Suppose that G is a cyclic group and that 6 divides the order of G. How many elements of order 6 does G have? If 8 divides order of G, how many elements of order 8 does G have? If a is an element of order 8, what are the other elements of order 8?

Using the Euler phi totient:

There are 2 elements of order 6. There are 4 elements of order 8.

If a is an element of order 8, that leaves 3 other elements of order 8.

The order of G is clearly 24 by the least common multiple of 8 and 6.

I used the fact that for any positive integer k, the order of an element $a^{k}$ is n/gcd(n,k). This gives $a^{3}$ as another element of order 8. But this is where I cannot further my attempt.

Any hint is appreciated. Thanks in advance.

Answer 1

A cyclic group of order $n$ has exactly one subgroup of order $d$ for each $d$ dividing $n$.

This subgroup is cyclic and has $\phi(d)$ elements of order $d$.

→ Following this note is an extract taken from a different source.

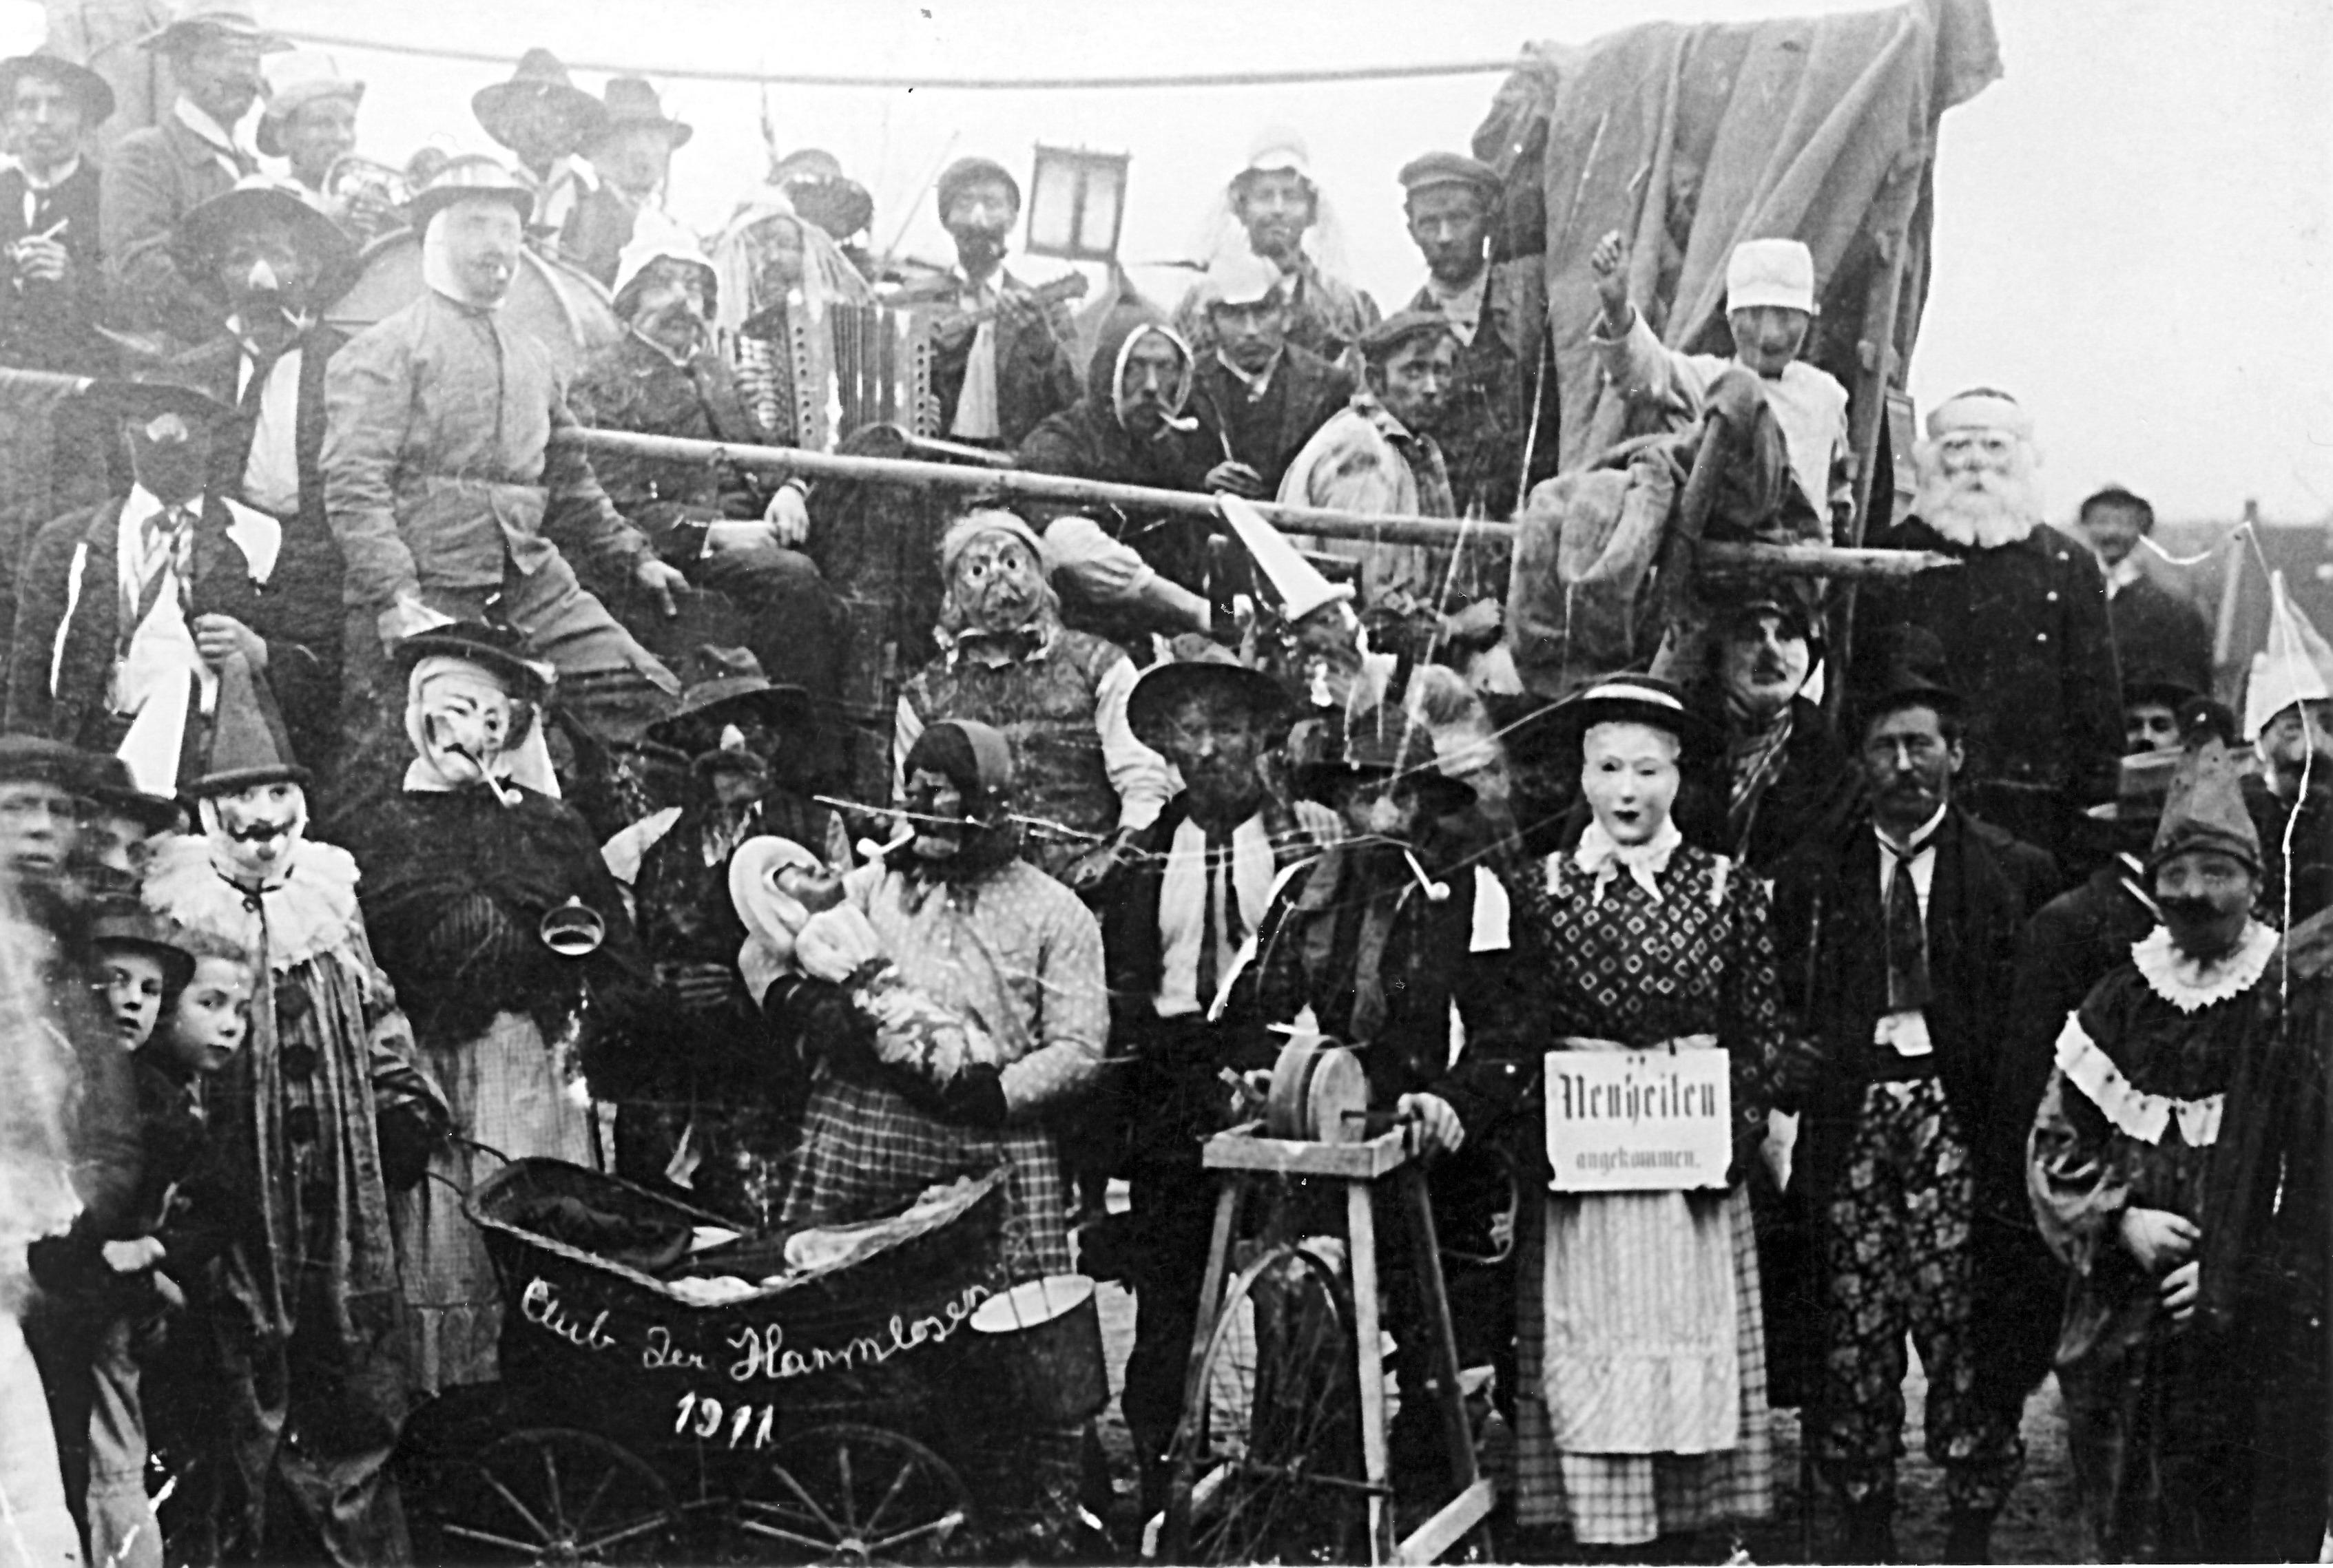 Fastnacht 1911

The elements of order $d$ are $h^i$ for $\gcd(i,d)=1$, where $h$ is an element of order $d$.

All this does not depend on $n$.

Answer 2

Question

Suppose that $G$ is a cyclic group and that $6$ divides the order of $G$.

1. How many elements of order $6$ does $G$ have?
2. If $8$ divides order of $G$, how many elements of order $8$ does $G$ have?
3. If $a$ is an element of order $8$, what are the other elements of order $8$?

Answer

A cyclic group of order $n$ is isomorphic to $\Bbb Z_n$.

1. If $n=6k$ for some positive integer $k$, then finding an element with order $6$ is equivalent to solving $6x \equiv 0 \pmod{6k}$, which has exactly $6$ solutions ($0$, $k$, $2k$, $3k$, $4k$, and $5k$), so they form $1$ unique subgroup.

2. Rinse and repeat to obtain $8$.

3. Since the subgroup of order $8$ is unique, the elements are $a$, $a^3$, $a^5$, and $a^7$.